- Exercise details: The answer must consist of every line below containing "Foto".

══ Recorded information

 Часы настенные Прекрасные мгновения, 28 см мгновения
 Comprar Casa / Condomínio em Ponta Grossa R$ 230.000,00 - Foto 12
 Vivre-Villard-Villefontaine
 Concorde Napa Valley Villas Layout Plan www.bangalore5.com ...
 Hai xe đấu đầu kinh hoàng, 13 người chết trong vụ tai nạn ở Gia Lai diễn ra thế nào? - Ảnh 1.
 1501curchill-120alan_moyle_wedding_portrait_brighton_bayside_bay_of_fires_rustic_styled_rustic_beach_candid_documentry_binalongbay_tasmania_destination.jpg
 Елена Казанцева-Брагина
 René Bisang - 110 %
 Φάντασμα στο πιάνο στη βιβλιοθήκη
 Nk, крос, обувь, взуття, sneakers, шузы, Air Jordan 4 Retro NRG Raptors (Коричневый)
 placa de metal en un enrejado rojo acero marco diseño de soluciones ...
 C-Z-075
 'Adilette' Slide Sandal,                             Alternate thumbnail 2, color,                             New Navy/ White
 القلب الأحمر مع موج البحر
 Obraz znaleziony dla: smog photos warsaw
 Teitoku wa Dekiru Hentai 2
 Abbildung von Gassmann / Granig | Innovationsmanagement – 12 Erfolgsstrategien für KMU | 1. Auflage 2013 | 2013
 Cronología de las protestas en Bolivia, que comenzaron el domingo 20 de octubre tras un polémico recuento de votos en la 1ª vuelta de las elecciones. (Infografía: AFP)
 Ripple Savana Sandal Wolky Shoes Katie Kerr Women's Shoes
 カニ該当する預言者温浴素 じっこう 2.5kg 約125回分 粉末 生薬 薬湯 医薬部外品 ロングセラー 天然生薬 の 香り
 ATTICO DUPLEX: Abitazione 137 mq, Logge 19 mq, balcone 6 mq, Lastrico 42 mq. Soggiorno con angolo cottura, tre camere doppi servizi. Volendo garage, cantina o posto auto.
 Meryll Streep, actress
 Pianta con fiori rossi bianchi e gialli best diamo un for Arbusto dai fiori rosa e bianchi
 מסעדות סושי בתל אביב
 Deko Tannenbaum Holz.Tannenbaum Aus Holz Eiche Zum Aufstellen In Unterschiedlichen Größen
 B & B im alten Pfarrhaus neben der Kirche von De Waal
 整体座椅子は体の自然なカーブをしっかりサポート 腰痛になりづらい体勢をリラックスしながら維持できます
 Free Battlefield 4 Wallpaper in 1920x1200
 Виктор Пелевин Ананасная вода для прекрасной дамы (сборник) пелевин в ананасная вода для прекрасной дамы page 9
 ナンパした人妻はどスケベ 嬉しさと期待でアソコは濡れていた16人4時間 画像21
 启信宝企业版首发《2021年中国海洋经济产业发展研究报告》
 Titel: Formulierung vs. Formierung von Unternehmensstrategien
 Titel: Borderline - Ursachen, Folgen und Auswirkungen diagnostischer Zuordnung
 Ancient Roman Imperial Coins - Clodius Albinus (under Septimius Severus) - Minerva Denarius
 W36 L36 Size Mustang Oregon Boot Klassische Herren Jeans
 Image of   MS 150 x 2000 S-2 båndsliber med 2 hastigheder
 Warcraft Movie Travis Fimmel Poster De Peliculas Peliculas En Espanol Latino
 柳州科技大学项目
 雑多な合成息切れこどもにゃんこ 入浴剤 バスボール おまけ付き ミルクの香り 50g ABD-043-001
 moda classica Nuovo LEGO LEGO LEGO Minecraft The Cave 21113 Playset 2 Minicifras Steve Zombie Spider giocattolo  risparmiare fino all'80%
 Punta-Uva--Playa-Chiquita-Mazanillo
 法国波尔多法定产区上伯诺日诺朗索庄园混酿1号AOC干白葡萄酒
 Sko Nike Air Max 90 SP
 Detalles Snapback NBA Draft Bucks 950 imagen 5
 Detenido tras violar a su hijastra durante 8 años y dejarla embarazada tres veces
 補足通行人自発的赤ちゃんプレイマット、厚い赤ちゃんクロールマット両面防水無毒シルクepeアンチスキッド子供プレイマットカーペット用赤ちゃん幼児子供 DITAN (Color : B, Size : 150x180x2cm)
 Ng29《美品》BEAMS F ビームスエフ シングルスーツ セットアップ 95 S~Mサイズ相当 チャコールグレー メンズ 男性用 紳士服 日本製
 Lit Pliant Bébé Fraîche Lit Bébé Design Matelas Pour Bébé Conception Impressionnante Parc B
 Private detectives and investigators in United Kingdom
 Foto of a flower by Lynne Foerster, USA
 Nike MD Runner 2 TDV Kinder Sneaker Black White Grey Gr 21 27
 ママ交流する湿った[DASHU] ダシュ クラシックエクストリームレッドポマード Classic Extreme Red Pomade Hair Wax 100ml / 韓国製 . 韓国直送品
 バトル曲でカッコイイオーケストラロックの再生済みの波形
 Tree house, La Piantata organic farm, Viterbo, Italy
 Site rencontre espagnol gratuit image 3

════

- Answer to the problem:
 Comprar Casa / Condomínio em Ponta Grossa R$ 230.000,00 - Foto 12
 Foto of a flower by Lynne Foerster, USA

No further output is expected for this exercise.